Jul 08, 2005 00:02
As far as I know everyone is OK.
London is a city uniquely conditioned to cope with this, tomorrow everyone will go to work and the shops will be open, the buses are running again (and have been for several hours) and most of the tube should be open tomorrow (may take a week for the lines hit by the blasts though).
If the purpose of terrorism is to terrorise they picked the wrong place, London has had something like 17 terrorist bombs in 20 years (I just missed one in 2001 on my way home from the pub one night)
London’s proudest memory is of being bombed every night by the entire Luftwaffe and refusing to be cowed. People are unlikely to be much more afraid tomorrow than yesterday.
An integral part of the experience of living in London is suffering daily misery of one sort or another, the transport system craps out all the time, the weather is either wet and miserable or so damn hot people pass out on the tube, for all those not directly affected by this the net result was less of a hassle than a tube and train drivers strike. London = Pain even when everything is going to plan.

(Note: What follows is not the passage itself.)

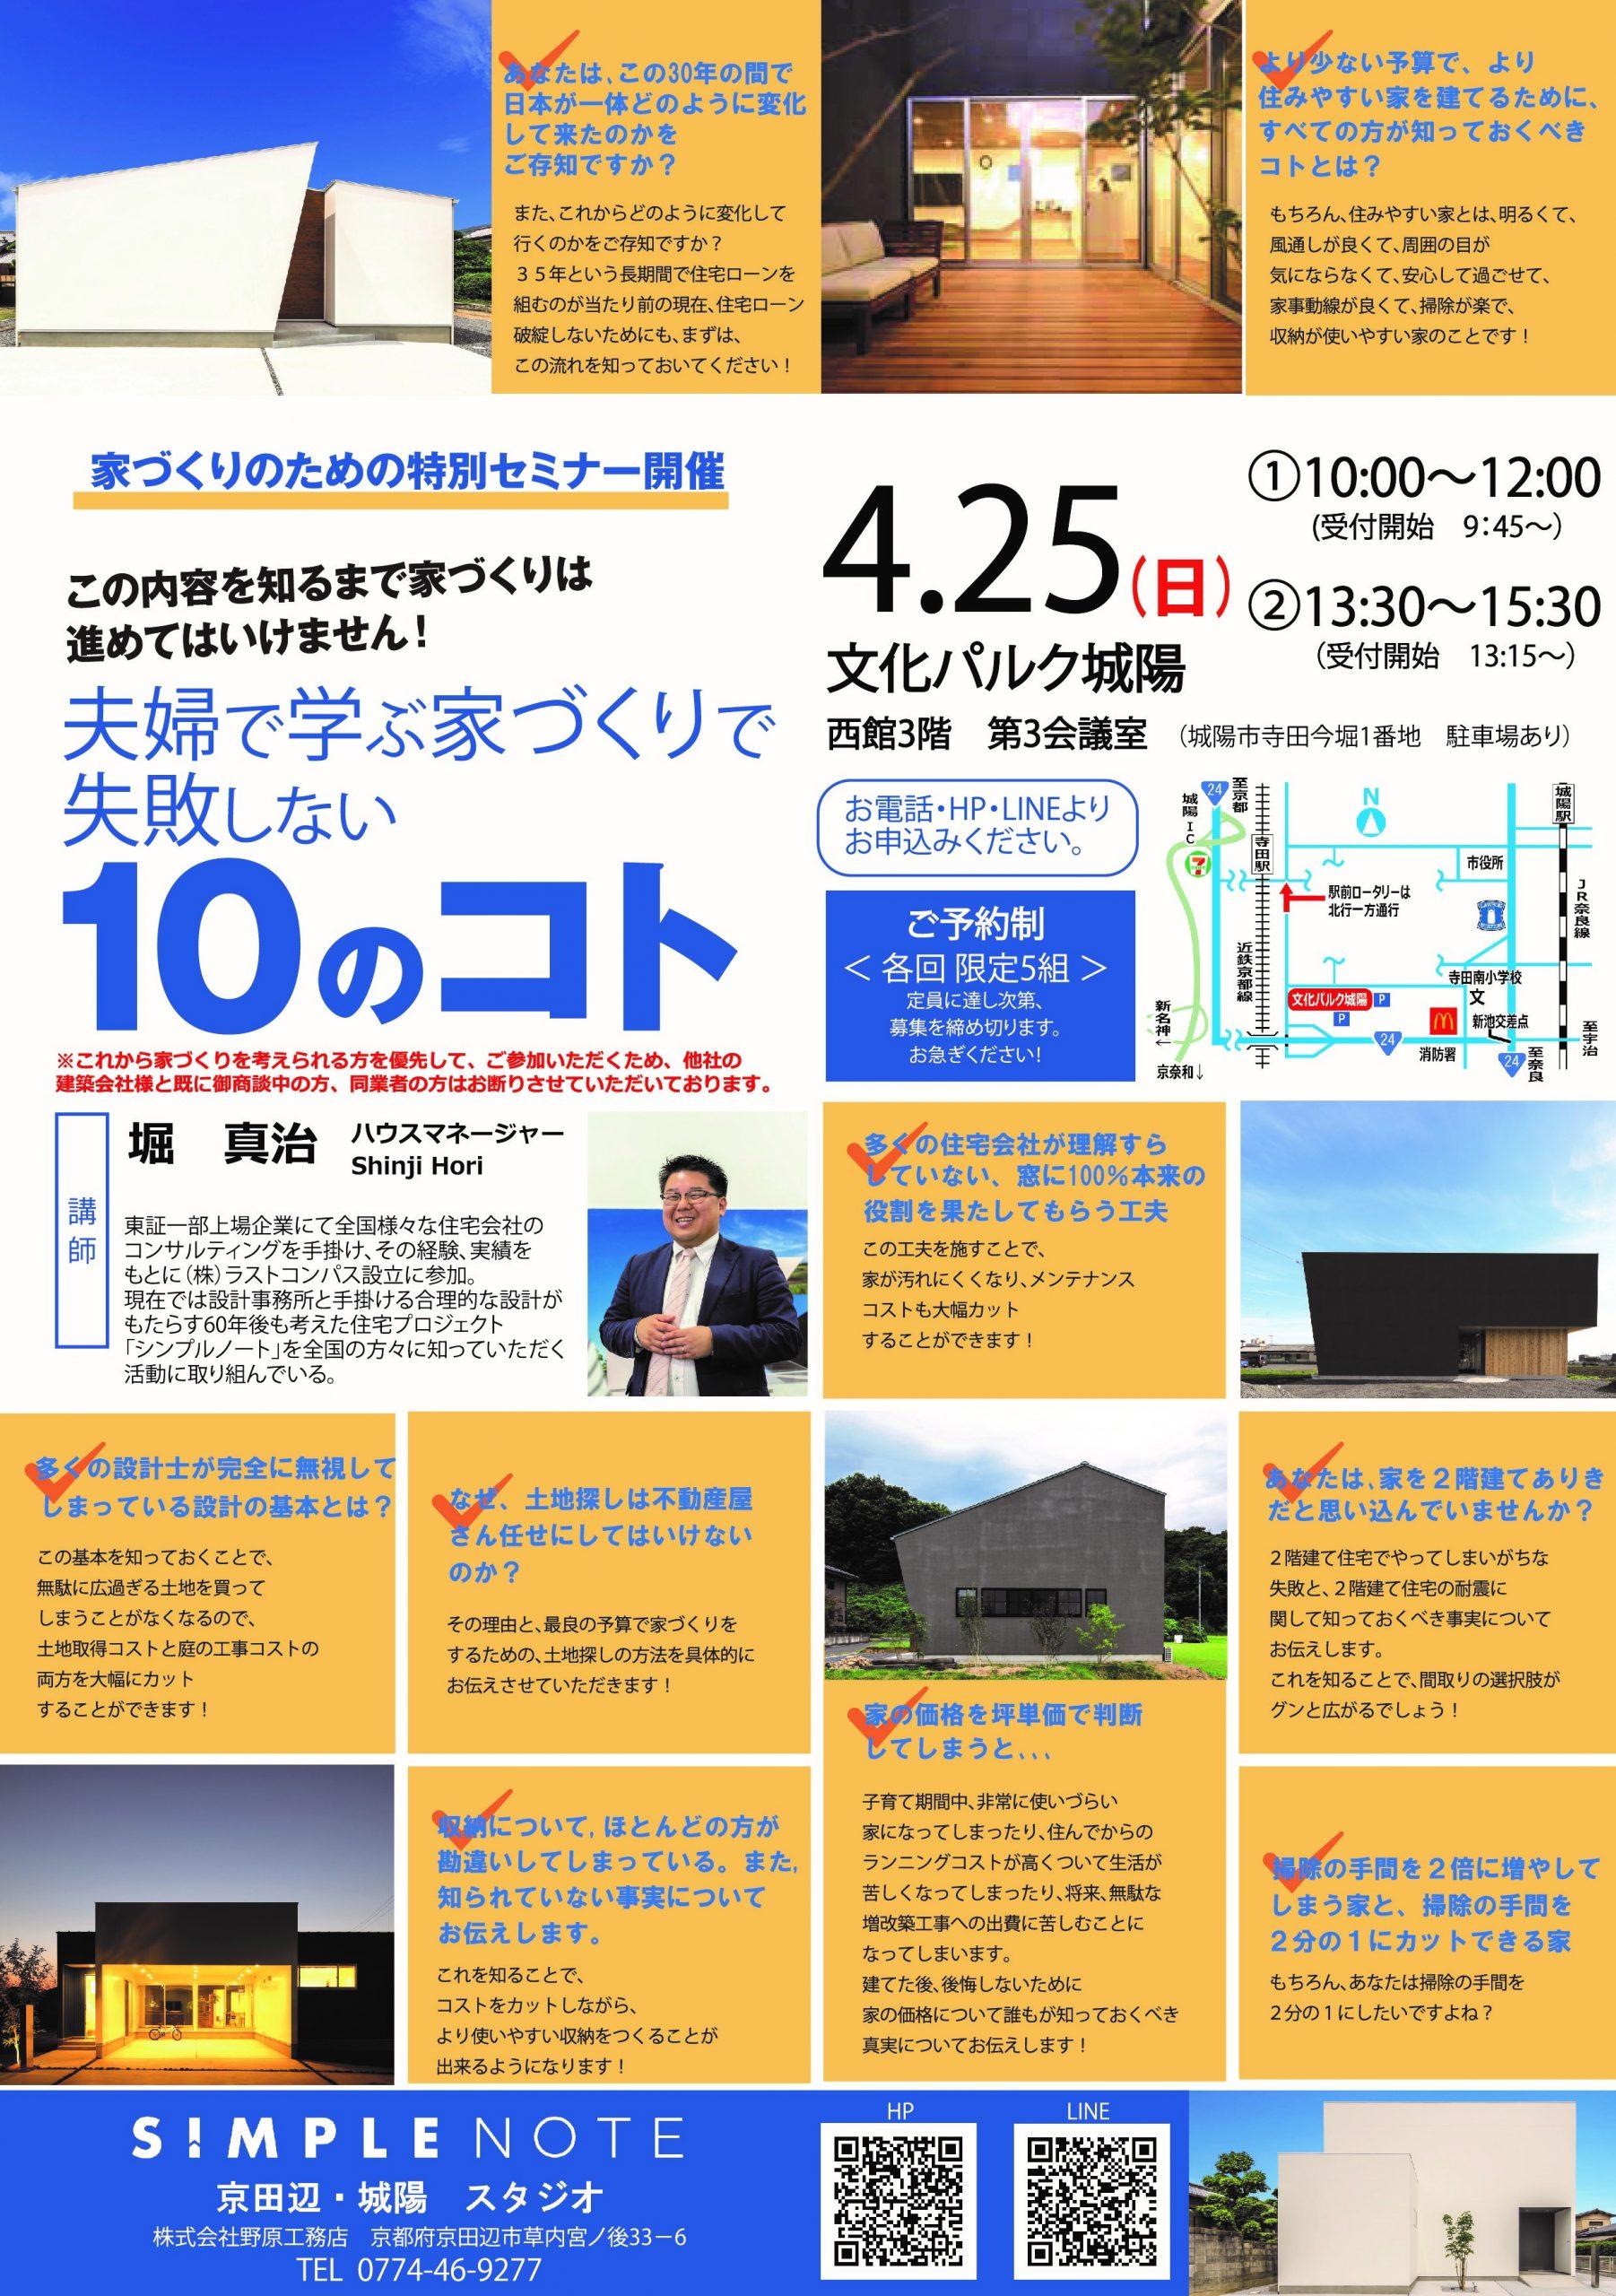 ※延期※【4/25(日) 開催】家づくり特別セミナー@文化パルク城陽

The emergency services have been planning for this sort of thing for years, every time some idiot with some explosives has a go they have refined the plan and they practice it regularly using tube stations that are closed at the weekend and hundreds of volunteers as casualties.. Today was a model in major incident planning, every spare ambulance in the south of England congregated in Hyde park, every doctor and nurse for 50 miles around headed for the nearest hospital, London buses were commandeered to move the slightly injured to hospital in an orderly fashion. Thousands of people from builders to lawyers who were near hospitals lined up to give blood.

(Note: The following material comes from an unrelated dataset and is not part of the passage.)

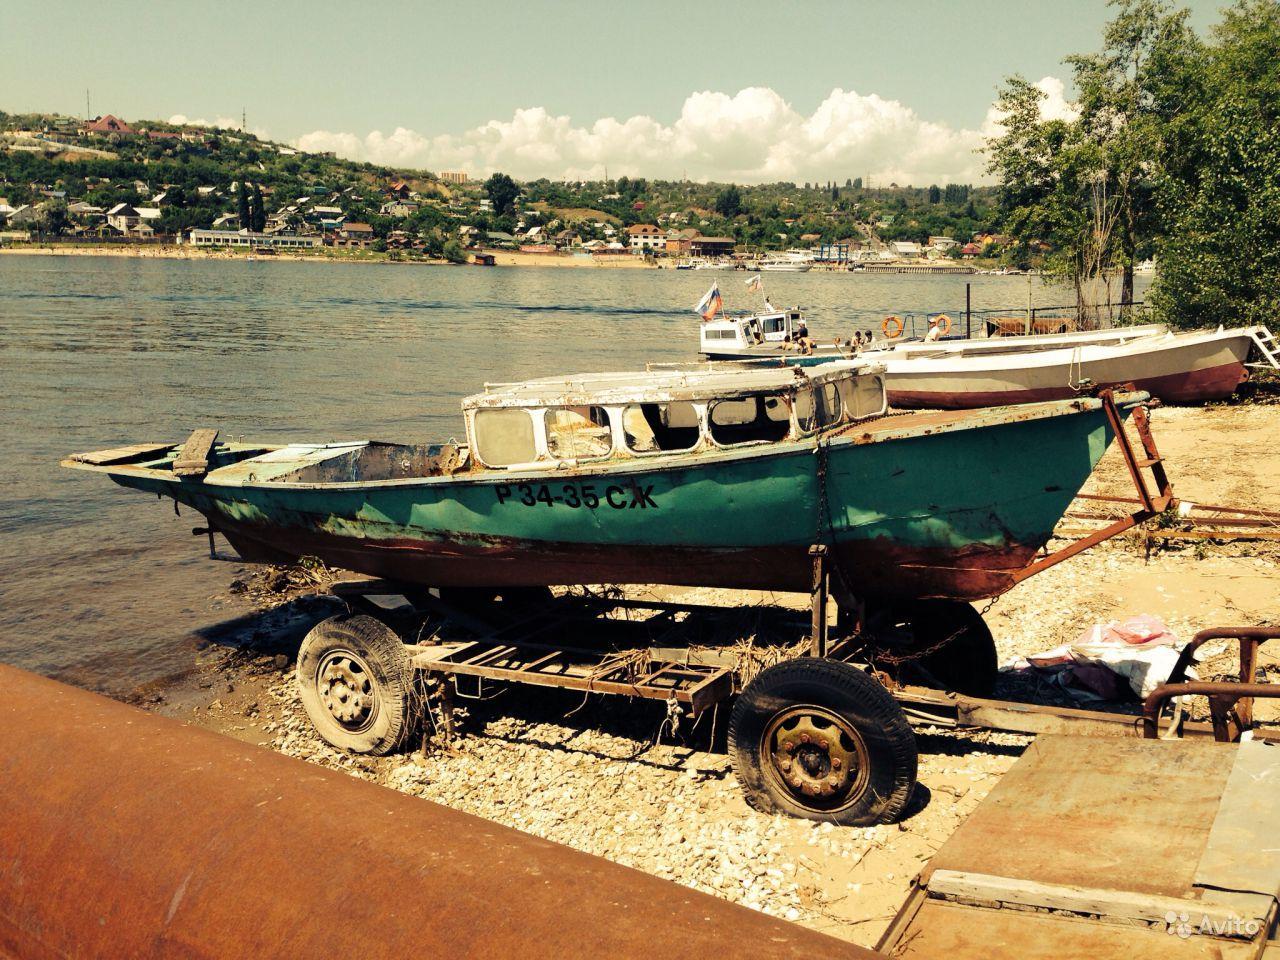 продажа лодок гулянка в саратовской обл

The services were prepared for thousands of casualties but thankfully they didn't have to deal with nearly that number.
The only thing that I have not been impressed with was the sensationalist behaviour of the news agencies, they were speculating pointlessly and just giving the terrorists what they want.
However after having seen some clips of CNN and other US news channels I feel a lot better about how the UK news handled it. The problem with commercialisation of TV news over the last few years is that now the channels compete to be more and more sensational in order to win the viewers and therefore the funding.
All that said 37 (expected to rise) people have been killed and a couple of dozen others maimed badly and the trauma for those involved must be awful.
But probably by this time next week this will be very old news and we can again get back to the serious business of wondering which celebrities are shagging each other.
At the end of the day we Brits are uniquely good at acting like nothing untoward is happening no matter what the situation, there was a classic story (may be a myth) of a couple having sex on a train, nobody paid the slightest bit of attention, acted like nothing was happening until they lit up a traditional post coital smoke, at that point the other passengers complained.
This somewhat quirky character trait is what we need now, just ignore the buggers publicly while the security services quietly bag the terrorists in private, eventually when they realise they are risking prison and death for no effect on us and minimal publicity they will stop what they are doing and sod off.
To those of you that have expressed concern, thank you for your thoughts and wishes.